Textpresso for Neuroscience: Searching the Full Text of Thousands of Neuroscience Research Papers
Textpresso is a text-mining system for scientific literature. Its two major features are access to the full text of research papers and the development and use of categories of biological concepts as well as categories that describe or relate objects. A search engine enables the user to search for one or a combination of these categories and/or keywords within an entire literature. Here we describe Textpresso for Neuroscience, part of the core Neuroscience Information Framework (NIF). The Textpresso site currently consists of 67,500 full text papers and 131,300 abstracts. We show that using categories in literature can make a pure keyword query more refined and meaningful. We also show how semantic queries can be formulated with categories only. We explain the build and content of the database and describe the main features of the web pages and the advanced search options. We also give detailed illustrations of the web service developed to provide programmatic access to Textpresso. This web service is used by the NIF interface to access Textpresso. The standalone website of Textpresso for Neuroscience can be accessed at http://www.textpresso.org/neuroscience/.

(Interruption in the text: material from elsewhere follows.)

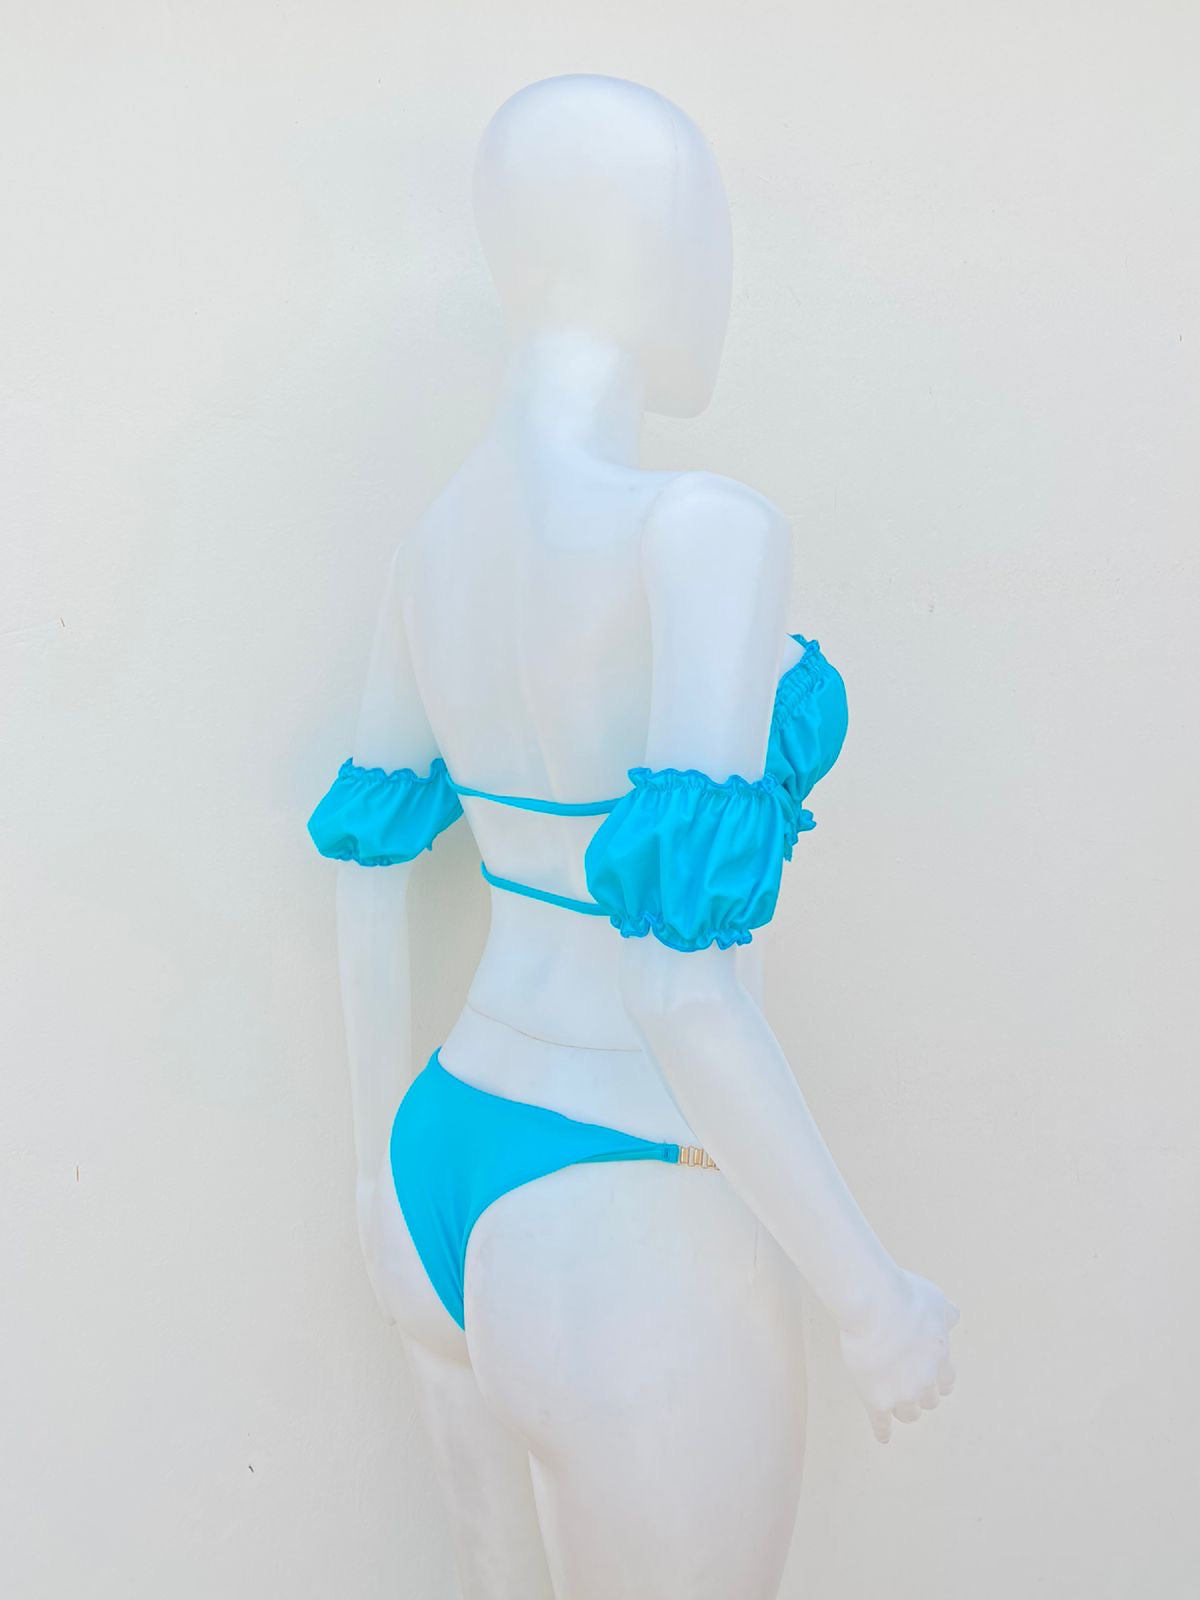 Biquini Mermaid Swimwear original azul turquesa con detalles dorado.

KeywordsLiterature search engineInformation retrievalFull textInformation extractionOntologySemantic searches
Literature is an important and fundamental element of the scientific realm and plays a central role of communication among researchers, from the exchange of latest findings and dispersion of thoughts and discussions, to the detailed description of experiments. At the same time, the size and growth rate of scientific literature have made it nearly impossible for the researcher to keep up with articles relevant to his or her area of interest; for example, PubMed now comprises 17 million citations and adds 700,000 entries every year. There is therefore a need for computational approaches to filter through the literature and provide the researcher with information specifically relevant to him or her.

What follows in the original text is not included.